As shown in the table, every patient shows different F1-scores. The diversity in dynamics of F1-score is considered since patients can have their own hemodynamic consequences in their ECG records [2]. The lower F1-score indicates that normal and abnormal states are hard to believe the prediction results by the DCNN. Whereas, the higher F1-score indicates that normal and abnormal states are easy to distinguish with high reliability. In Fig. 4, Patient 1 and 5 show a monotonic decrease of F1-scores. It indicates that the 4-min case has higher discrimination compared to 5 and 6-min cases. Patients 4 is the opposite case of Patient 1 and 5, which means that the prediction accuracy is more believable through time. For Patients 2 and 3, the prediction of AF is more believable in 4 and 6 min. Those results show that the change in F1-scores implies the relative reliability of prediction results for existence of abnormal state before AF happens.

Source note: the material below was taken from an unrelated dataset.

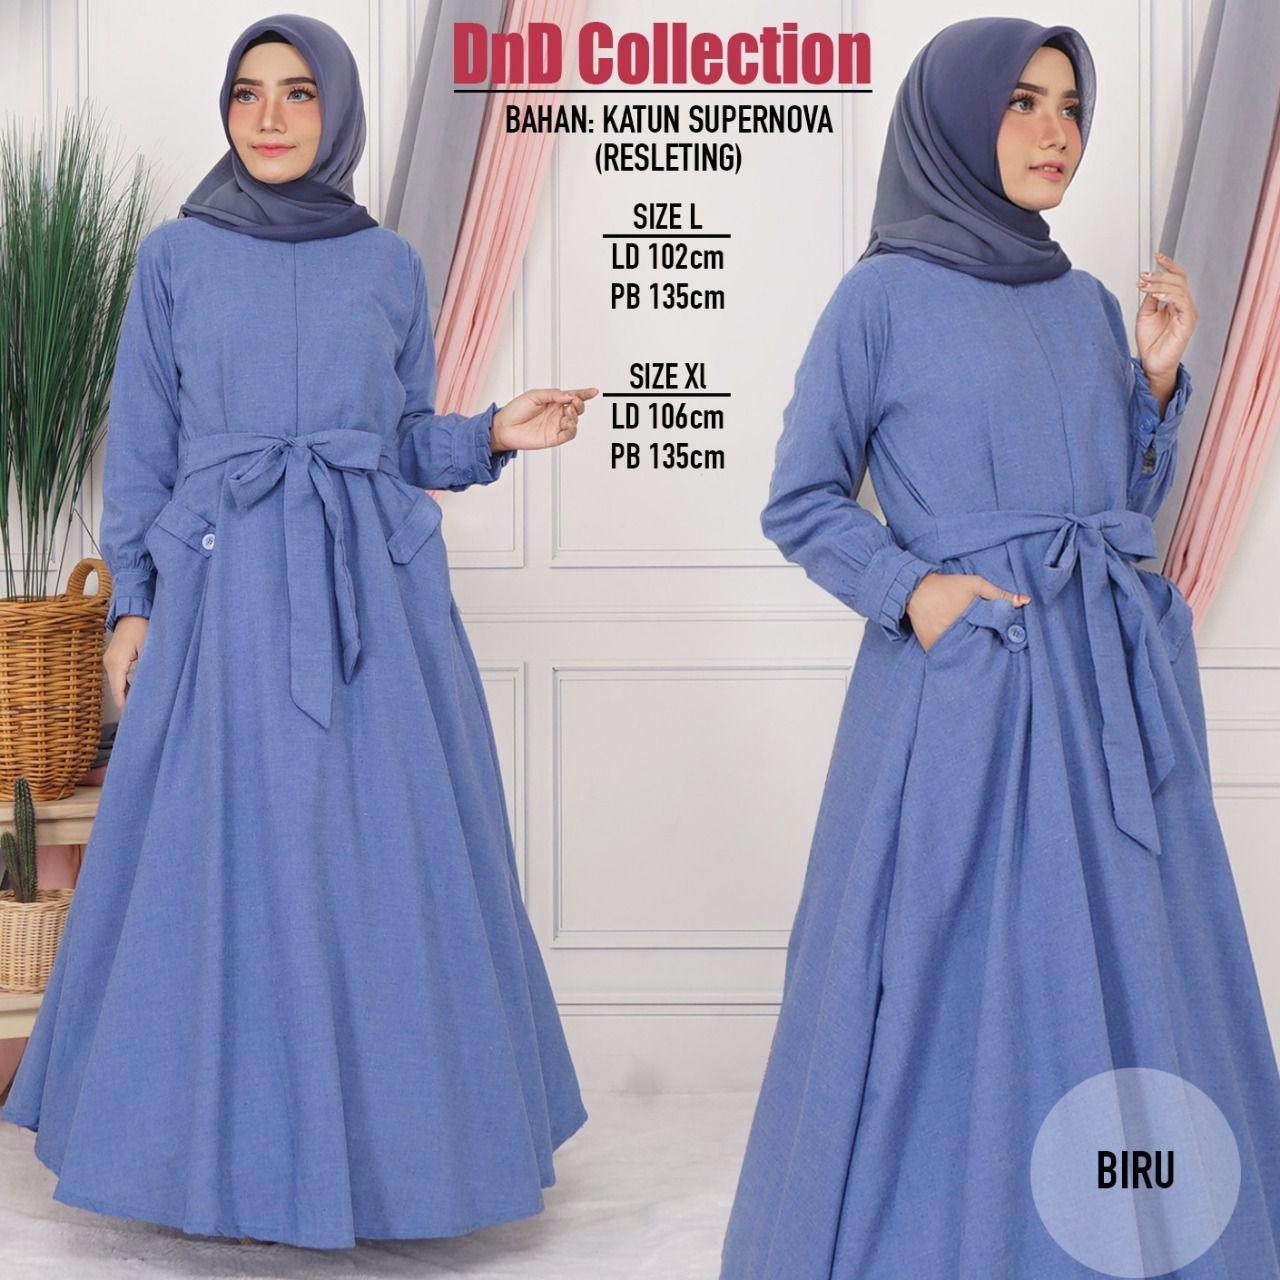 Dnd Cod Promo Gamis Murah Bahan Katun Supernova Baju Gamis Gamis Wanita Baju Muslimah Dress Muslimah Fashion Muslimah Gamis Jumbo Gamis Kerja

4.2 Application to Alert the Occurrence of AF

Figure 5 shows the change of test accuracies and F1-scores for datasets which have different length of abnormal states for each patient. In each figure, the markers indicate the highest accuracy and F1-score to predict test data as normal or abnormal signals. Since F1-score considers both precision and recall unlike the accuracy, the dynamics between accuracies and F1-scores looks different for each patient as shown in Fig. 5. By considering the abnormal periods from the highest accuracy verified by its F1-score as the confidence for the prelude of AF, it has chance for application to alert the occurrence of AF to both doctors and patients to determine if AF could happen.

Fig. 5.
figure 5

Change of test accuracies and F1-scores for 4, 5, 6 minute-dataset for patients. The Markers in each figure indicate the highest accuracy and F1-score for its abnormal section.

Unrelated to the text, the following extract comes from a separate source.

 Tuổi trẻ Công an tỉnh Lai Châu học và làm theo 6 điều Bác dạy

5 Conclusion and Future Works

Prediction of AF is a crucial task to save the patient’s life because AF could lead to fatal diseases. In this paper, we attempted to predict the prelude of AF using DCNN. We trained VGG16 network to predict normal sinus rhythm and abnormal signals, and measured F1-scores for different length of abnormal states. The F1-score range of patients showed that it had subject specific discriminant patterns. DCNN suggests that there are some abnormal signals before AF that are difficult to distinguish from normal signals.

For future work, it is possible to analyze wider range of abnormal sections to explore F1-score dynamics and additional experiments with more patients can be considered. Also, we are considering a new DCNN learning algorithm to detect very sensitive variation of AF signals in normal and abnormal conditions. Finally, the research to automate the exploration of proper alert time is recommended.